A federal appeals court has handed Texas schoolchildren an early holiday gift — and, thanks to the court, they can actually call it a “Christmas present” out loud.
The Fifth Circuit U.S. Court of Appeals, in a decision released July 1, ruled 3-0 that “it has been clear for over half a century that the First Amendment protects elementary school students from religious-viewpoint discrimination(.)” The ruling involved the intertwined claims of three students who claimed that administrators at Plano’s Thomas Elementary School and Rasor Elementary School prevented them from distributing Christian-themed goodie bags and literature to their classmates.
The ruling in Morgan v. Swanson comes at a preliminary but crucial phase of the students’ First Amendment case. Government employees often succeed in having all (or substantially all) of an injured party’s constitutional claims thrown out of court at the starting gate, because of a legal doctrine called “qualified immunity.”
To gain immunity, the government official must show that — regardless of whether he did or did not commit a violation — his conduct did not defy legal standards that were “clearly established” at that time. If no “clearly established” law was violated, then the government official cannot be forced to pay money damages — which can leave the plaintiff with the prospect of an empty victory.
That is the maneuver that the principals of Thomas and Rasor attempted before the Fifth Circuit. Their lawyers argued that no Supreme Court or Fifth Circuit ruling expressly says that the free-speech rights recognized at the high-school and middle-school level in the Supreme Court’s landmark 1969 Tinker case apply to children as young as elementary school.
In an opinion authored by Judge Jennifer Walker Elrod, the Fifth Circuit made short work of the principals’ argument. Nothing in Tinker, or in any Supreme Court case applying Tinker, suggests an age-qualification for free-speech rights, the judges said. Based on Tinker and forty years of caselaw applying it, the principals “had fair warning that the suppression of student-to-student distribution of literature on the basis of religious viewpoint is unlawful under the First Amendment with respect to elementary school students,” the court held.
The ruling is significant, because federal courts typically hesitate to hold school officials personally liable for even the most egregious disciplinary overreaching. The deference tends to be greater when dealing with younger children, whose speech arguably is less valuable to the public discourse than that of 17-year-olds. So the court had to be unfailingly certain that Tinker‘s protection extends to the lowest grades, and that no reasonable principal could have believed otherwise. (One hopes that this is a principled First Amendment decision that would have come out the same way had the speakers been Buddhists, or atheists, and not an expedient decision based on the judges’ identification with the pro-Christian sentiment. The Supreme Court’s enthusiasm for student speech rights is suspiciously prone to vacillation based on the justices’ ideological support for the speakers’ message.)

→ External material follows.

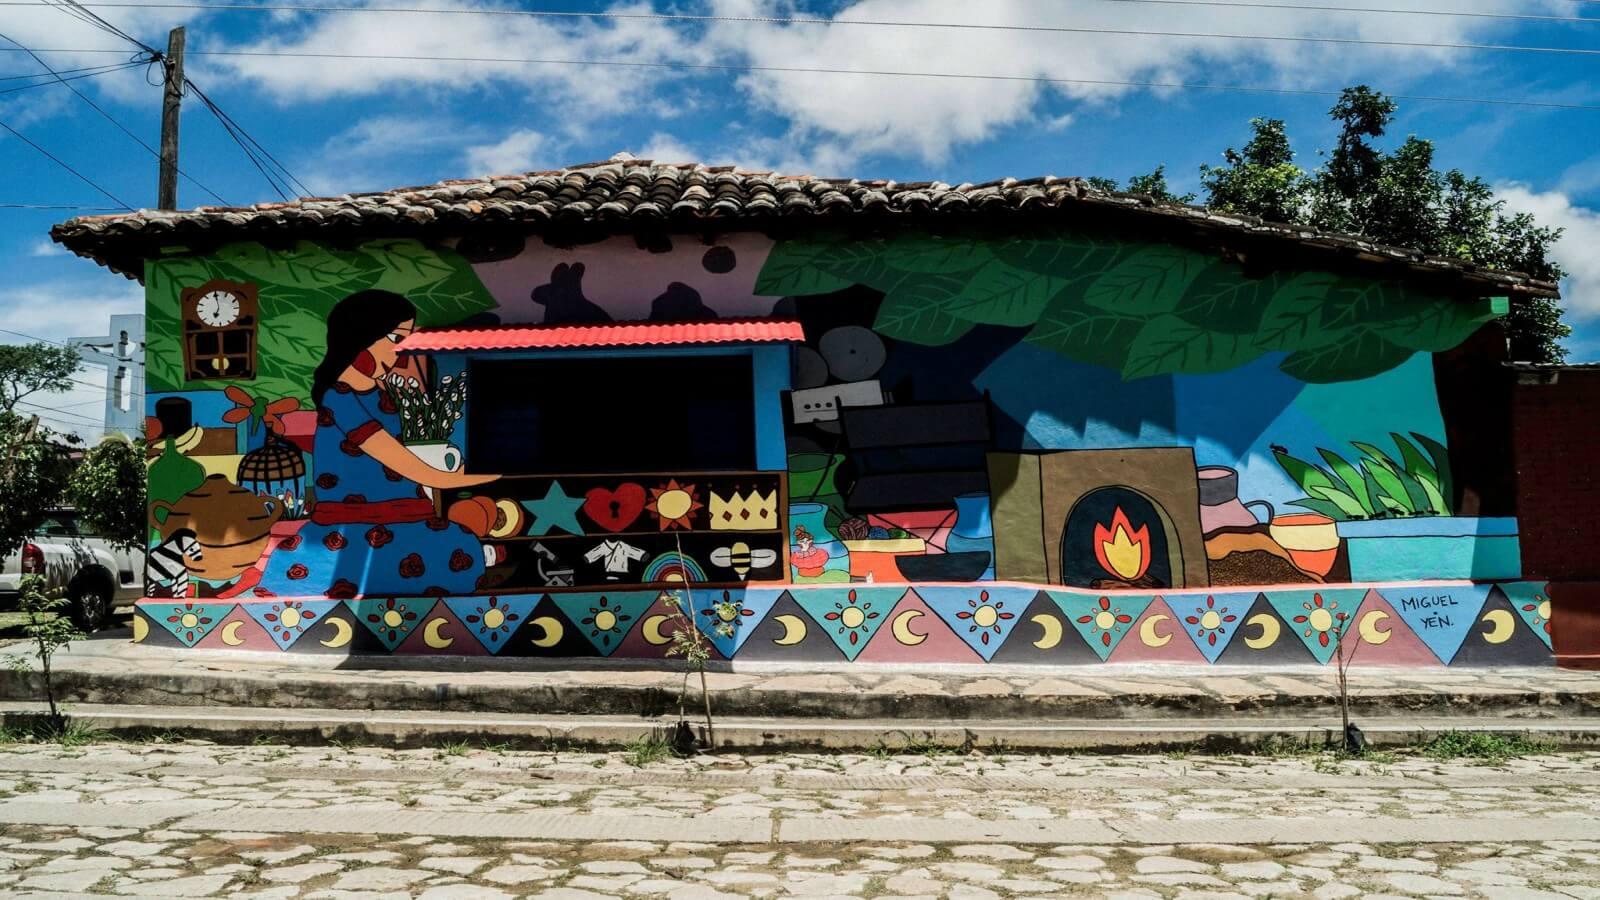 Ciudad Mural Llega A Tuxtla Gutierrez Con 20 Artistas Nacionales E

If the allegations in the complaint are true — and at this point they are just one side’s unproven assertions — Plano school officials engaged in rank bullying behavior of the type that administrators eagerly punish when it is exhibited by 15-year-olds. The complaint alleges that Rasor school officials threatened to kick a child out of school, and threatened her mother with arrest, if the child continued to distribute pencils with a Christian message at school, and that the principal even confiscated one of the pencils and upbraided the child as she distributed them on the sidewalk after school hours.
It seems quite unlikely that the principals can prevail so long as the applicable legal standard is Tinker, which protects student speech unless it is unlawful (libelous, threatening, obscene) or incites substantial disruption of school. Even the most talented school attorney will have difficulty establishing that receipt of a “Jesus is the reason for the season” pencil threatened to ignite third-graders to riot.
Because the facts (albeit at this very early stage) seem so unpromising for the schools, their only hope may be to convince the Fifth Circuit to reconsider its qualified immunity ruling, or to persuade the Supreme Court to take it up. Lawyers for the principals told McClatchy Newspapers that both options are under consideration.